Evaluating the Impact of Data Augmentation on Predictive Model Performance
Valdemar Švábenský, Conrad Borchers, Elizabeth B. Cloude, Atsushi Shimada
TL;DR
The paper addresses data scarcity and reproducibility in learning analytics by replicating a prior enrollment-prediction study and rigorously evaluating data augmentation techniques. It re-trains four standard ML models on a replicated dataset, examining 21 augmentation methods (and 99 chained configurations) with bootstrapped AUC and multiple testing correction. The main finding is that SMOTE-ENN sampling, especially when combined with added noise, provides the most reliable predictive gains and often reduces training time, while deep generative methods offer limited or unstable improvements. These results offer practical guidance for LA researchers on when and how augmentation helps, and the work strengthens the field's credibility by providing open-source code and a validated replication framework.
Abstract
In supervised machine learning (SML) research, large training datasets are essential for valid results.
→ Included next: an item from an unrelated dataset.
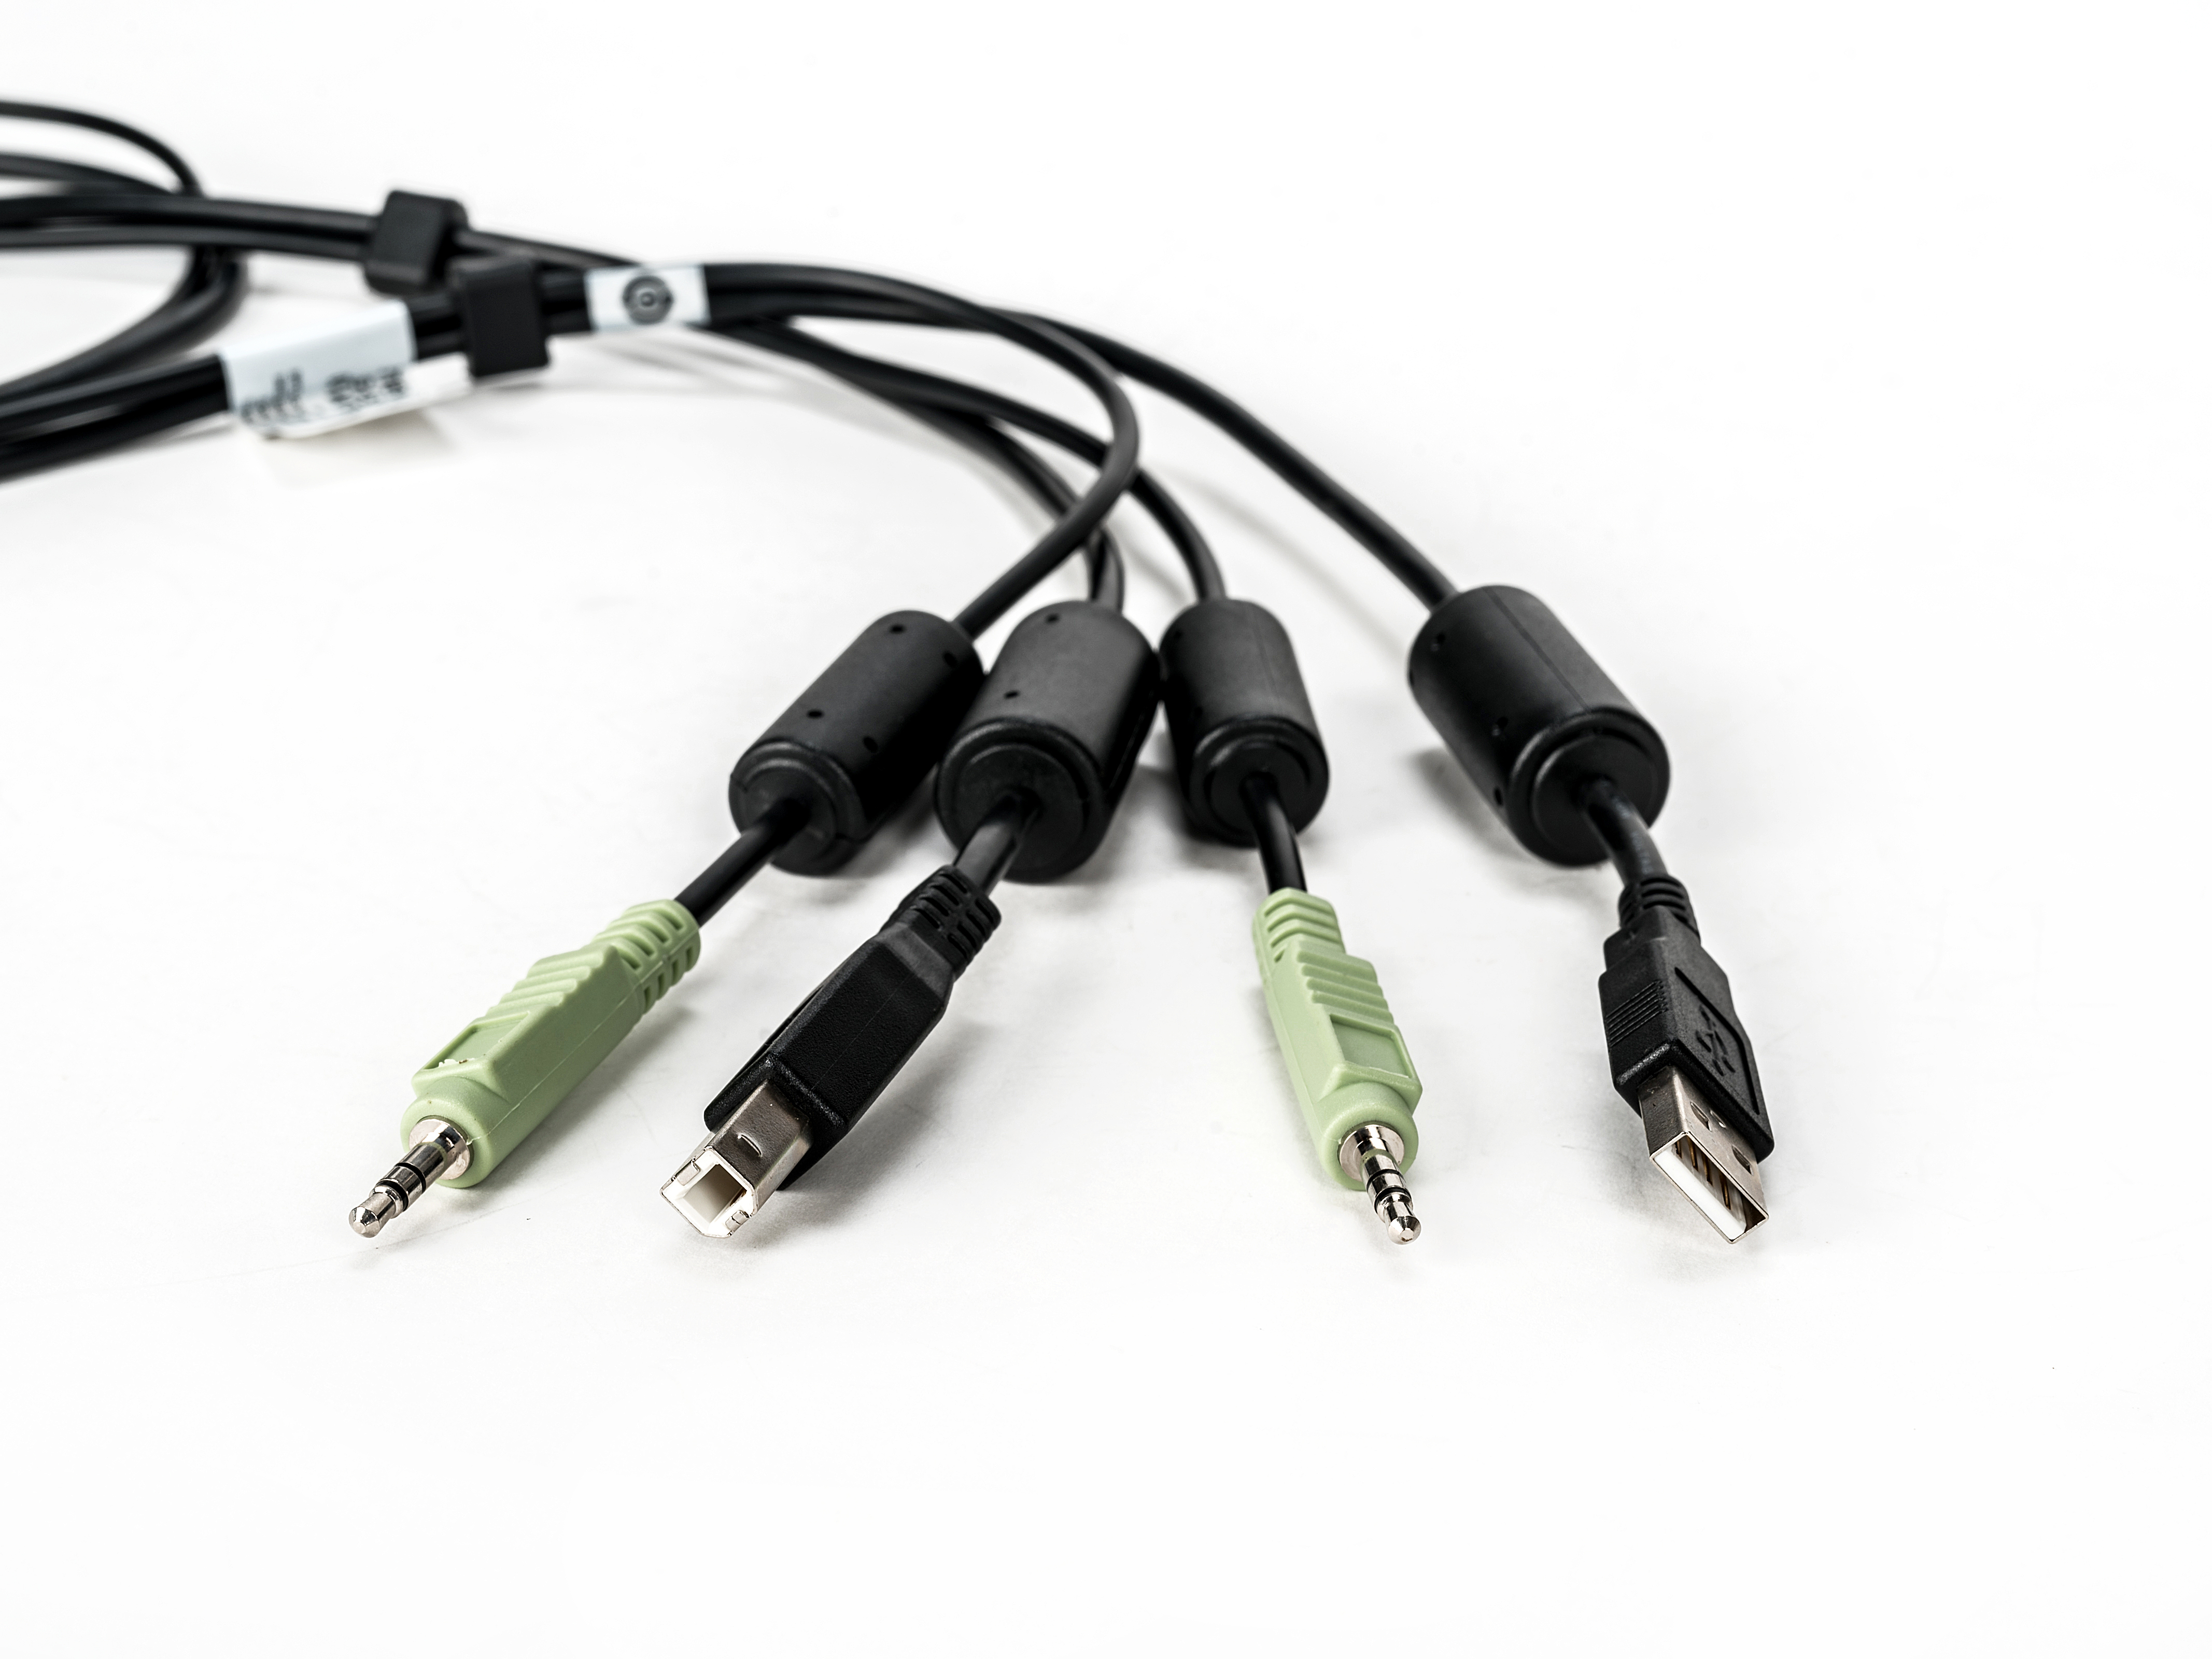 CABLE ASSY 1-USB/1-AUDIO 6FT (SCKM140)

However, obtaining primary data in learning analytics (LA) is challenging. Data augmentation can address this by expanding and diversifying data, though its use in LA remains underexplored. This paper systematically compares data augmentation techniques and their impact on prediction performance in a typical LA task: prediction of academic outcomes. Augmentation is demonstrated on four SML models, which we successfully replicated from a previous LAK study based on AUC values. Among 21 augmentation techniques, SMOTE-ENN sampling performed the best, improving the average AUC by 0.01 and approximately halving the training time compared to the baseline models. In addition, we compared 99 combinations of chaining 21 techniques, and found minor, although statistically significant, improvements across models when adding noise to SMOTE-ENN (+0.014). Notably, some augmentation techniques significantly lowered predictive performance or increased performance fluctuation related to random chance. This paper's contribution is twofold. Primarily, our empirical findings show that sampling techniques provide the most statistically reliable performance improvements for LA applications of SML, and are computationally more efficient than deep generation methods with complex hyperparameter settings. Second, the LA community may benefit from validating a recent study through independent replication.